Class: SGLT2 inhibitor
• Indication – Type 2 DM
• Mechanism: Sodium-glucose co-transporter-2 (SGLT2)
inhibitor in the kidney. Newest type of oral diabetes
medication, first approved in 2013. Prevents reuptake of most
filtered glucose by the kidney → glucose is diuresed and
not returned to circulation.
• Dose: 100 – 300 mg daily if eGFR > 60, 100 g daily of eGFR
between 45-60; do not give to patients with eGFR < 45

Adverse effects: increased urination (osmotic diuresis), hypotension (potential for volume depletion), hypoglycemia (when used with insulin or secretagogues), hyperkalemia, decreased renal function (increased creatinine and decreased eGFR), acute kidney injury, urinary tract infection, genital yeast infections, bone fractures (as early as 12 weeks after initiating the drug) and atypical
ketoacidosis.

Interactions: Drug interactions: rifampin, phenytoin, phenobarbital,
ritonavir (all decrease effectiveness of canagliflozin), digoxin (serum concentration of digoxin will be increased).

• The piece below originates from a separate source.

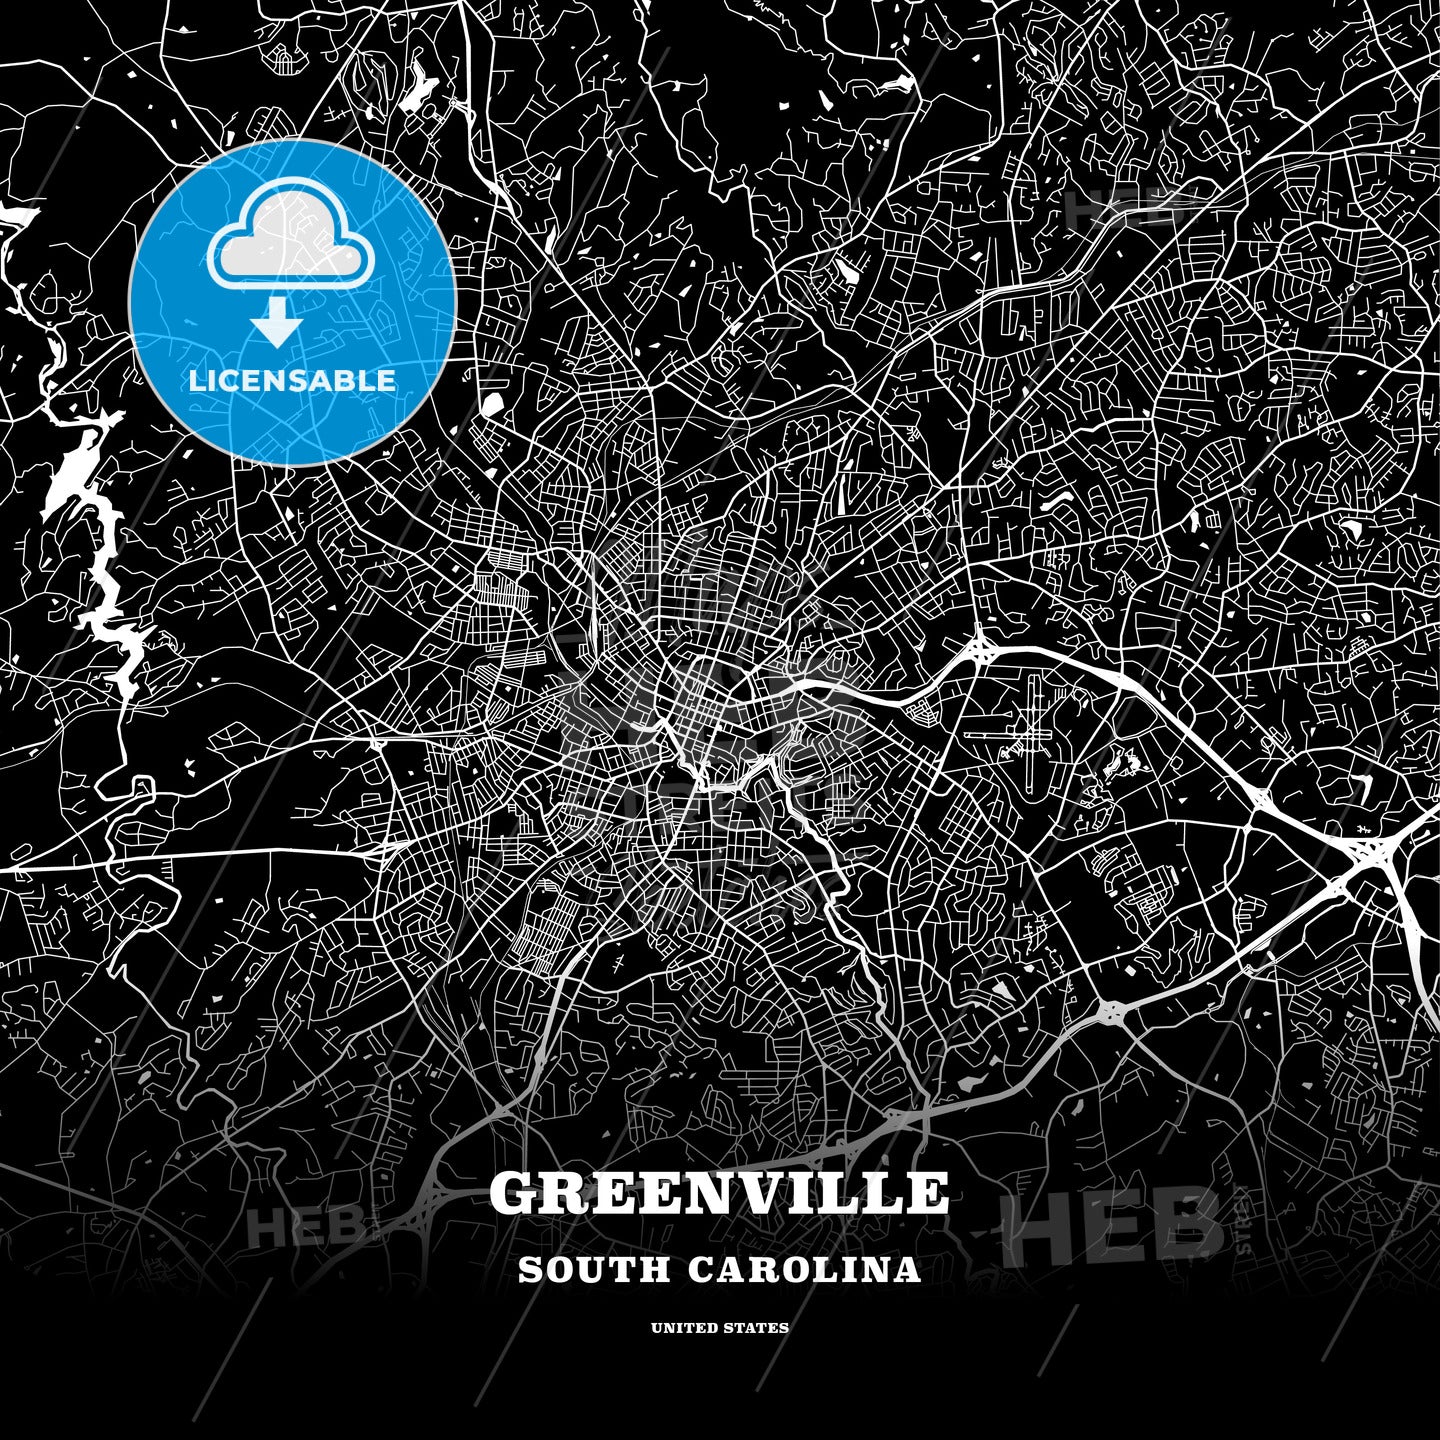 Greenville, South Carolina, USA map

– BBW: In 2017, FDA required BBW regarding increased
risk of leg and foot amputation with this mediction.

Question 42

Exenatide (think witch with stomach)

Answer 42

Class: Incretin mimetic/GLP-1 receptor agonist
• Indication – Type 2 DM
• Mechanism: incretin-mimetic, analog of GLP-1 hormone, activates
pancreatic receptors for GLP-1, increases glucose-dependent
insulin secretion AND decreases post-prandial glucagon, slows
gastric emptying, suppresses appetite
• Administer: injectable only - prefilled pen formulation
• Adverse effects: N/V/D, pancreatitis, nephrotoxicity, bile duct
and gallbladder disease, hypoglycemia when combined with some
oral DM medications, renal impairment, avoid in pregnancy
(animal studies show fetal harm)
Interaction: Can slow absorption of oral drugs, give oral drugs 1
hour before exenatide.

Question 43

Warnings with incretin mimetics

Answer 43

All incretin mimetics/GLP-1 analogs come with a BBW about
thyroid C-cell tumors, including medullary thyroid carcinoma,
due to increased incidence of these tumors in animal studies.